I’ll give you an example from Microsoft HoloLens. So very early days of Microsoft HoloLens, we went to Microsoft Office in London and we had a demo. And one of the things, the most compelling thing that they showed me, which has kind of stuck with me since was an airport. And the idea was, you could visualize the entire airport. And then you had flags everywhere. So there’s a plane on the runway over here, it’s 20 minutes delayed. That’s a flag. There’s a plane over here that’s not going anywhere for three hours because there’s a problem on the plane. There’s one over here that’s delayed because there’s some baggage handling problem, and it went right through down to there’s a pump in that air conditioning unit that is running over temperature, and it needs an intervention, and here’s the service manual.
And it was that complete overview that you went, “Wow, I can see how powerful this would be in that kind of lab environment to be able to go, yeah, I can see everything from complete global fleet overview.” I can understand all my risks, I can understand where I can optimize, I can see everything, and I can break it right the way down to, That thing needs a service visit tomorrow. It’s going to fail the day after, and we’re going to stop our process.”
Pete Wright:
Everything you’re describing… Right now feels like we’re on the precipice of that.
Mark Trueman:
Yes.
Pete Wright:
That feels like the next thing. And famously, HoloLens a canceled project. We don’t need a HoloLens to do it. We’re already about there, and that’s really delightful.
Mark Trueman:
Absolutely. On the edge.
Pete Wright:
Mark, this has been terrific. Thank you so much for your time today.
Mark Trueman:
No problem at all.
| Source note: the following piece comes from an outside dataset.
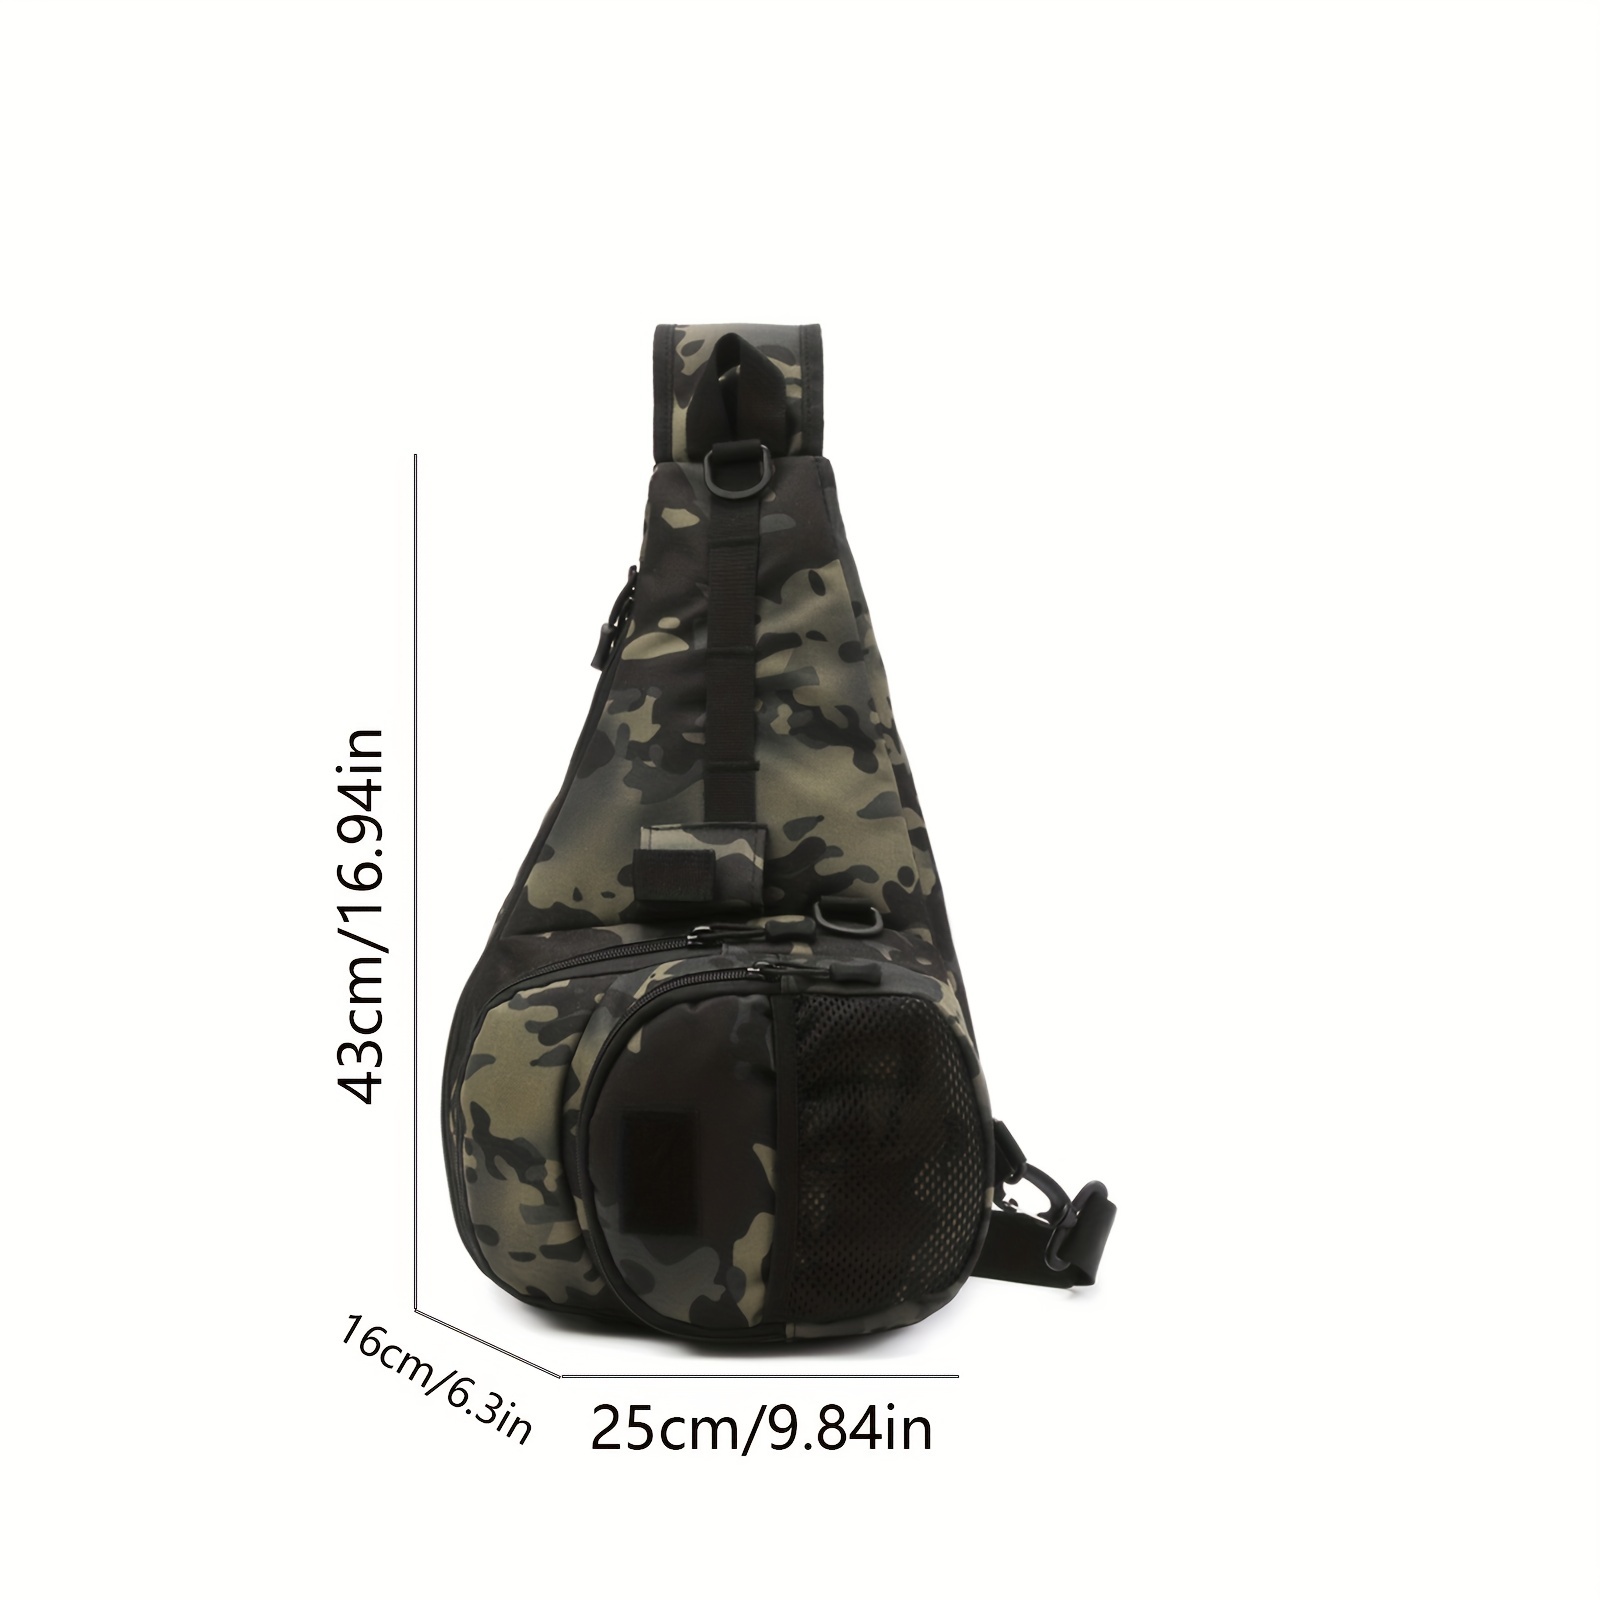 Reaction Tackle Fishing Tackle Bag - Water Resistant Camo Tackle Bag with  Padded Shoulder Strap, D Ring Hanger, Suitable for 3600 Tackle Boxes

It’s been a great conversation. Good to talk. And yeah, I’m really interested, and I think you can probably see that I think we are on the cusp of it. I think a lot of the, some of the tools that are out there now, that weren’t there 18 months ago even, are moving us in that direction that I think will be really powerful and will make a significant difference.
Pete Wright:
Laboratories today are facing a paradox. As technology becomes more sophisticated, the systems needed to manage it grow even more complex. But thanks to new tools in real time visualization and predictive insight, scientists and laboratory managers are beginning to see, literally, the forces shaping their work. What Mark reminds us is that innovation doesn’t happen in a vacuum. It needs infrastructure, foresight, and increasingly, the ability to turn invisible data into visible action.